1. $$h:{\{1,2,3,4,5\}}\to{\{a,b,c,d,e\}}$$, $$h(1)=e$$, $$h(2)=c$$, $$h(3)=b$$, $$h(4)=a$$, $$h(5)=d$$.
2. $$k :{\{1,2,3,4,5\}}\to{\{1,2,3,4,5\}}$$, $$k(1)=3$$, $$k(2)=1$$, $$k(3)=5$$, $$k(4)=4$$, $$k(5)=2$$.

Exercise $$\PageIndex{9}\label{ex:invfcn-09}$$

Find the inverse of each of the following bijections.

1. $$u:{\mathbb{Q}}\to{\mathbb{Q}}$$, $$u(x)=3x-2$$.
2. $$v:{\mathbb{Q}-\{1\}}\to{\mathbb{Q}-\{2\}}$$, $$v(x)=\frac{2x}{x-1}$$.
3. $$w:{\mathbb{Z}}\to{\mathbb{Z}}$$, $$w(n)=n+3$$.

Exercise $$\PageIndex{10}\label{ex:invfcn-10}$$

Find the inverse of each of the following bijections.

$$r :{\mathbb{Z}_{12}}\to{\mathbb{Z}_{12}}$$, $$r(n)\equiv 7n$$ (mod 12).

$$s :{\mathbb{Z}_{33}}\to{\mathbb{Z}_{33}}$$, $$s(n)\equiv 7n+5$$ (mod 33).

$$t :{\mathbb{Z}}\to{\mathbb{N}\cup\{0\}}$$, $$t(n) = \cases{ 2n-1 & if$$n > 0$$\cr -2n & if$$n0$$\cr}$$

Exercise $$\PageIndex{11}\label{ex:invfcn-11}$$

The images of the bijection $${\alpha}:{\{1,2,3,4,5,6,7,8\}}\to{\{a,b,c,d,e,f,g,h\}}$$ are given below. $\begin{array}{|c||*{8}{c|}} \hline x & 1 & 2 & 3 & 4 & 5 & 6 & 7 & 8 \\ \hline \alpha(x)& g & a & d & h & b & e & f & c \\ \hline \end{array}$ Find its inverse function.

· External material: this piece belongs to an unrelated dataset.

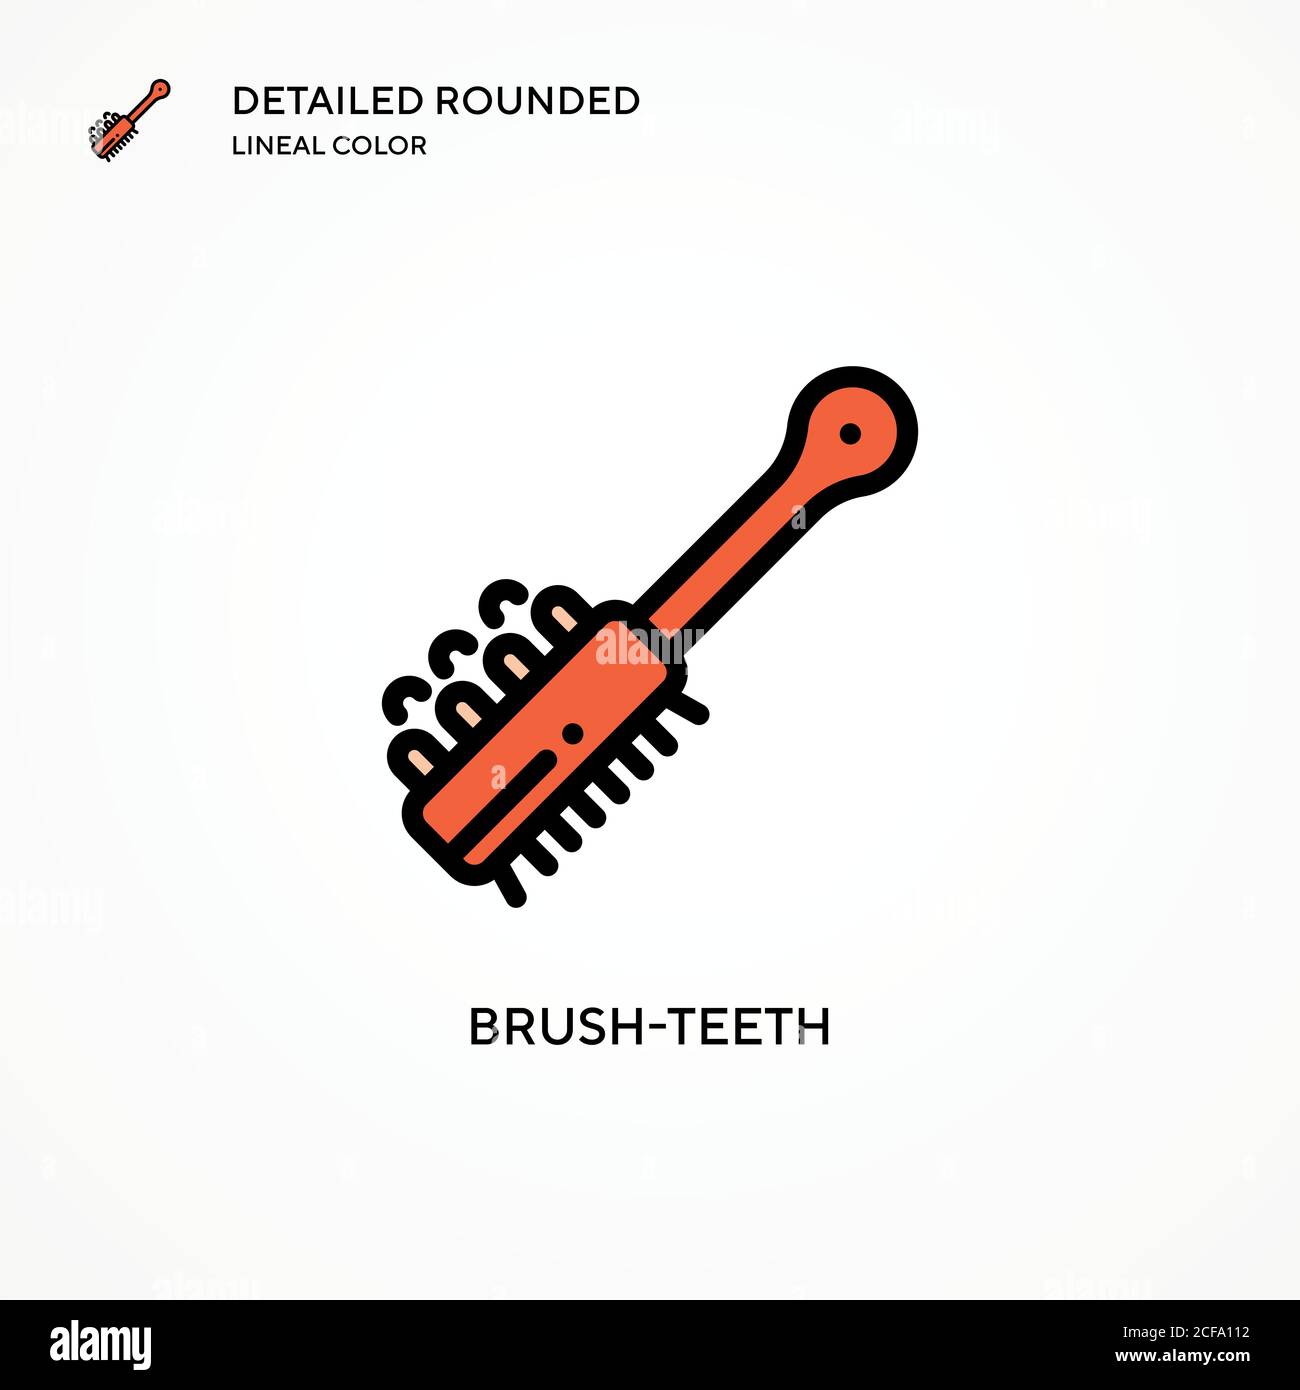 Brush-teeth vector icon. Modern vector illustration concepts. Easy to edit and customize. Stock Vector

Exercise $$\PageIndex{12}\label{ex:invfcn-12}$$

Below is the incidence matrix for the bijection $${\beta}: {\{a,b,c,d,e,f\}}\to{\{x,y,z,u,v,w\}}$$. $\begin{array}[t]{cc} & \begin{array}{cccccc} u & v & w & x & y & z \end{array} \\ \begin{array}{c} a \\ b \\ c \\ d \\ e \\ f \end{array} & \left(\begin{array}{cccccc} 0 & 1 & 0 & 0 & 0 & 0 \\ 1 & 0 & 0 & 0 & 0 & 0 \\ 0 & 0 & 0 & 0 & 1 & 0 \\ 0 & 0 & 1 & 0 & 0 & 0 \\ 0 & 0 & 0 & 0 & 0 & 1 \\ 0 & 0 & 0 & 1 & 0 & 0 \end{array}\right) \end{array}$ Find its inverse function.